WORK ORDER:
Of the lines in the material below, print only those from the one containing "Sahuarita Arizona Onsite" to the one containing "3 bedroom Flat", ends included, exactly as written and without pictures.

RECORDS SHOWN:

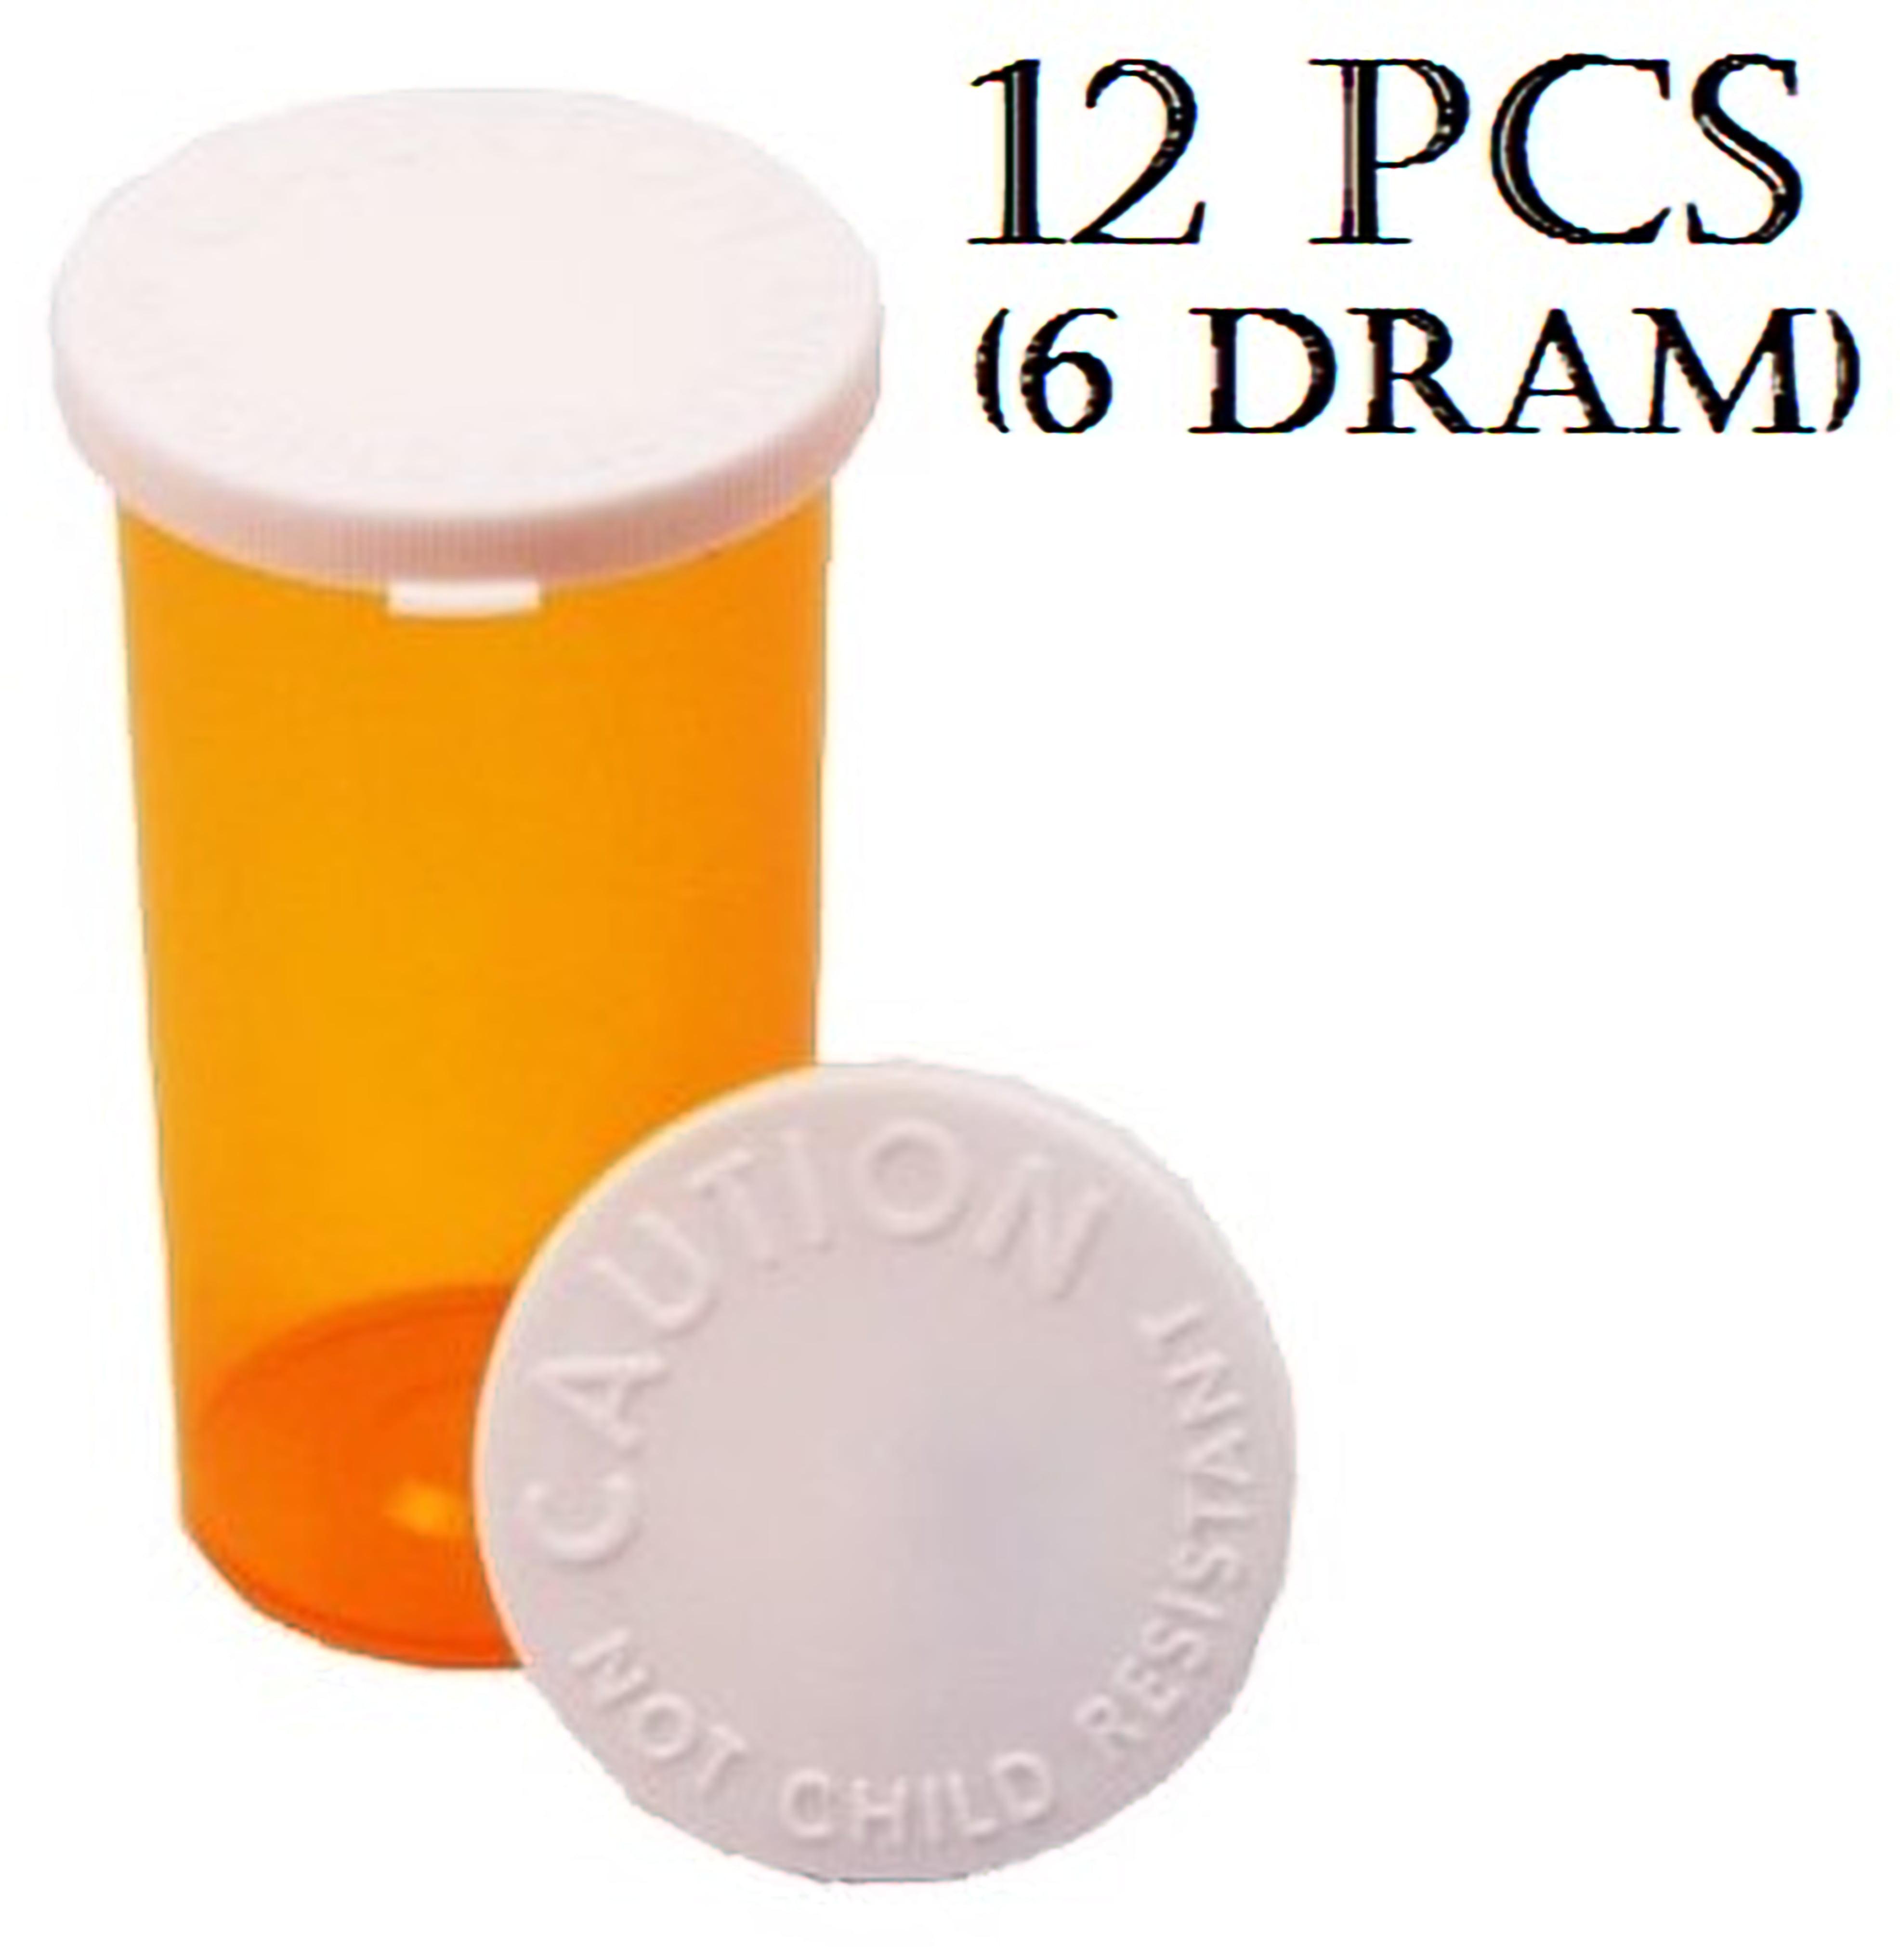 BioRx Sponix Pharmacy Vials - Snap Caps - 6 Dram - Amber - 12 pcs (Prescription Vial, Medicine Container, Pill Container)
--
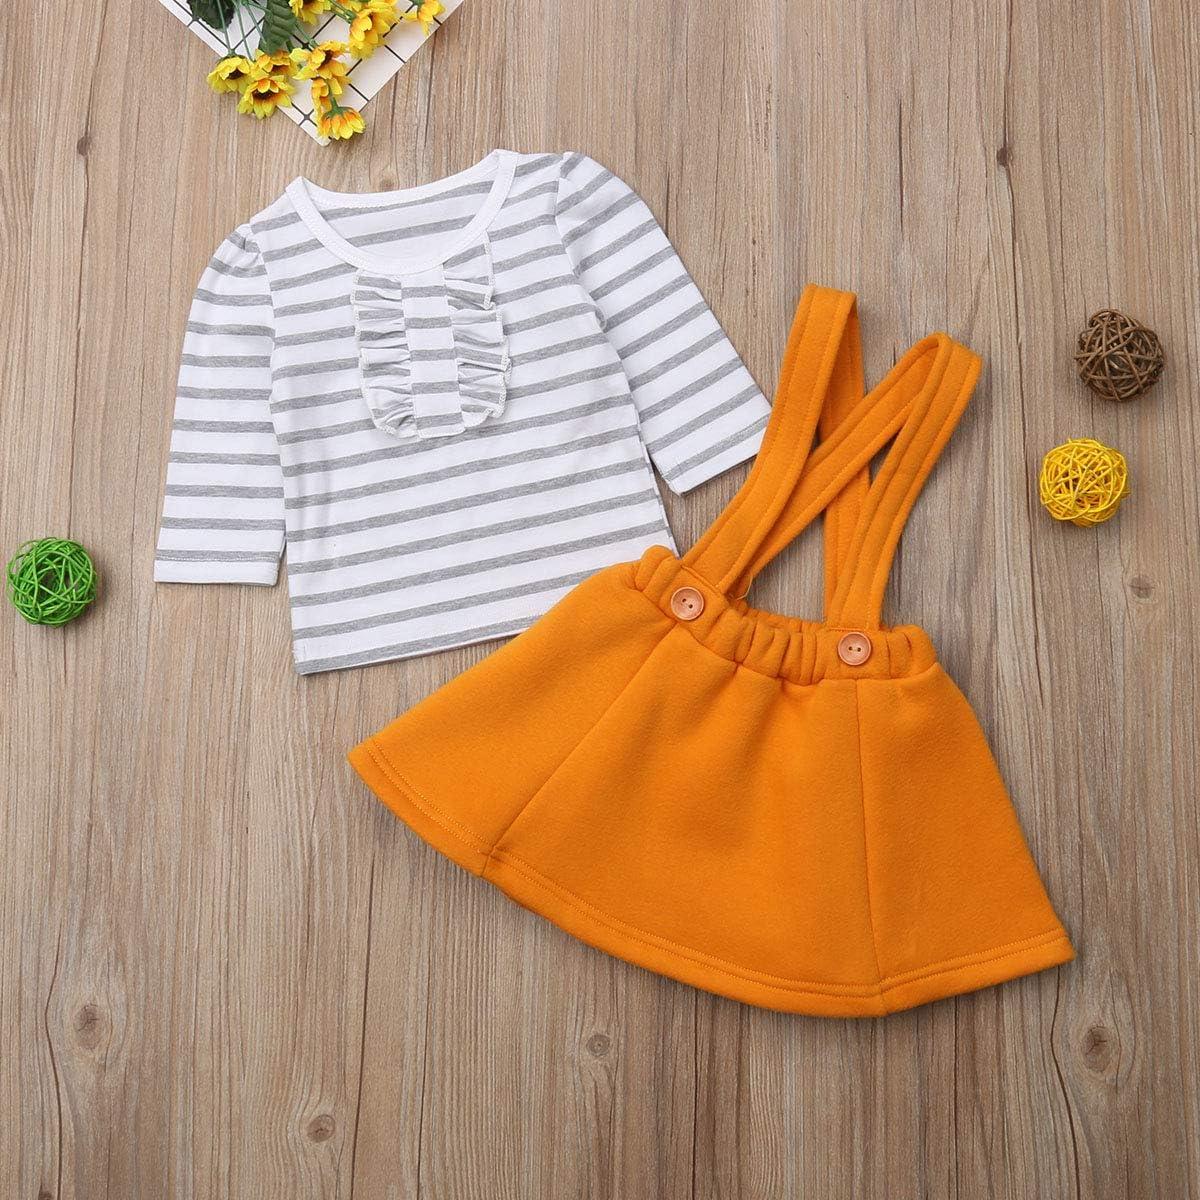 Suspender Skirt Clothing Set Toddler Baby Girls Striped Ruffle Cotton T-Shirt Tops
...
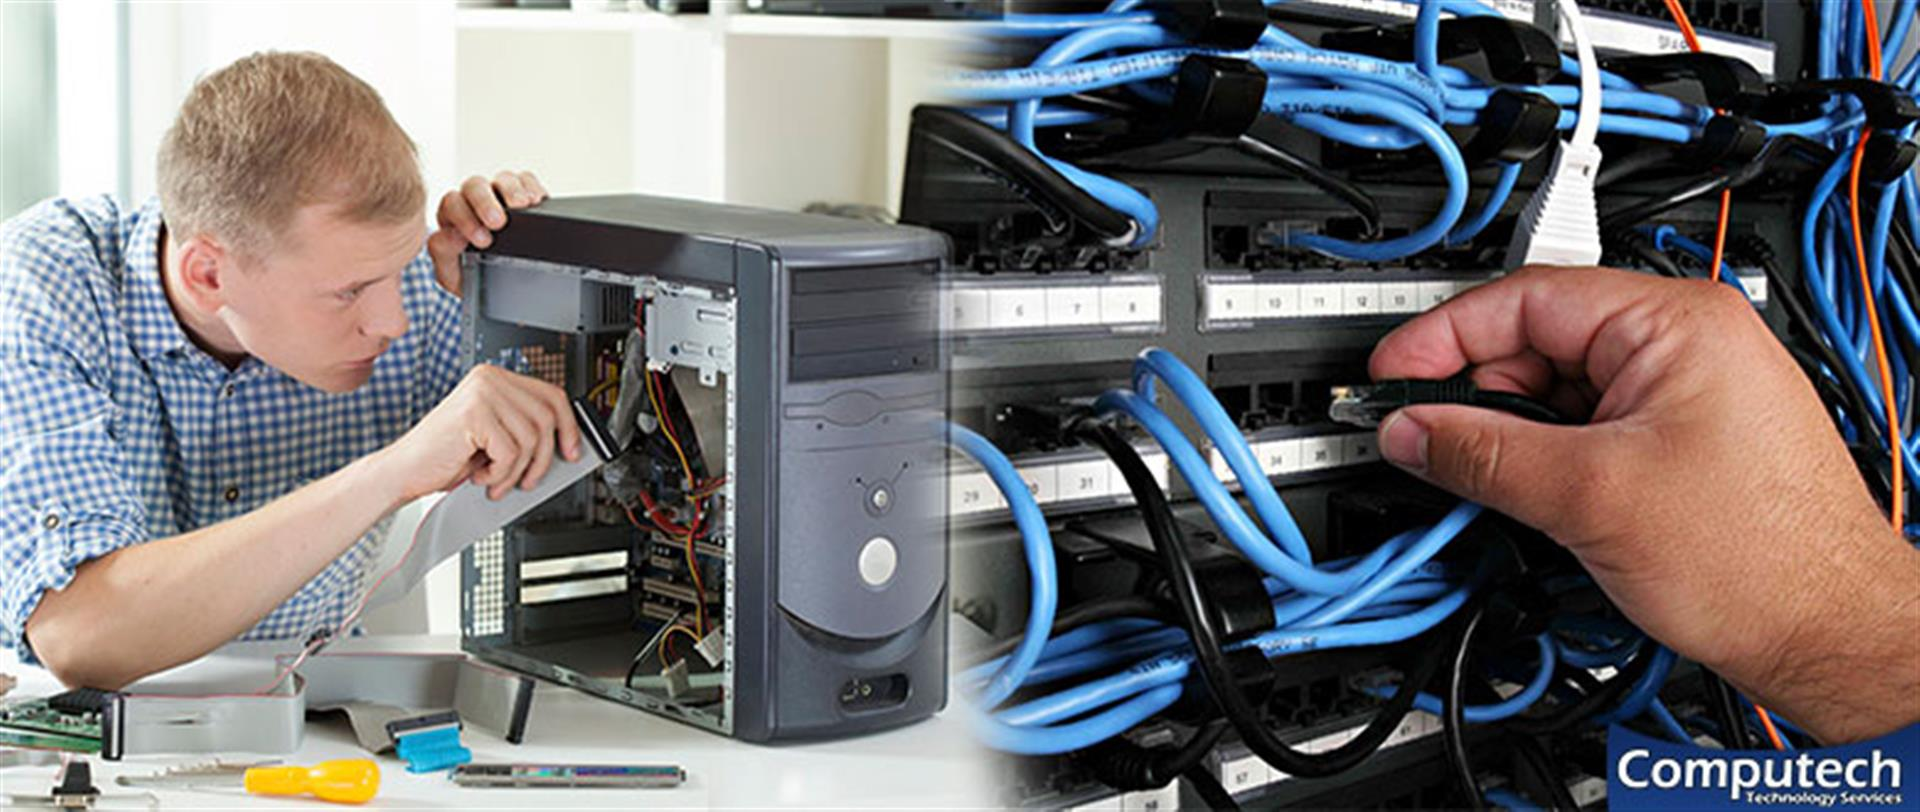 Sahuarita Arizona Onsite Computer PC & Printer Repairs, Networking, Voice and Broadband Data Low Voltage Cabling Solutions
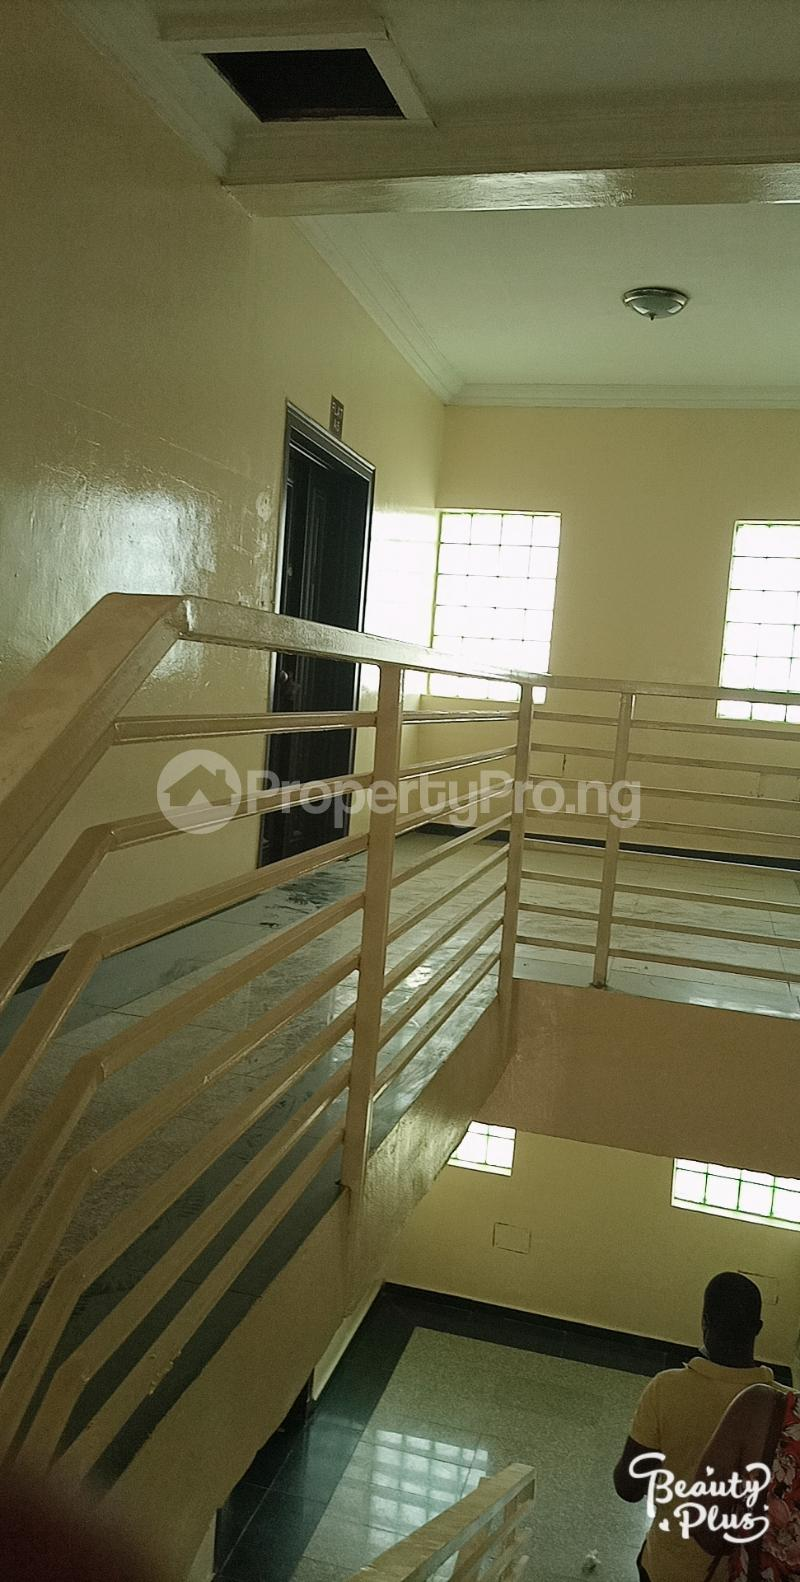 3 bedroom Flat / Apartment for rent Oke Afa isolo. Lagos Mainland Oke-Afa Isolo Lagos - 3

SOLUTION TO THIS EXERCISE:
 Sahuarita Arizona Onsite Computer PC & Printer Repairs, Networking, Voice and Broadband Data Low Voltage Cabling Solutions
 3 bedroom Flat / Apartment for rent Oke Afa isolo. Lagos Mainland Oke-Afa Isolo Lagos - 3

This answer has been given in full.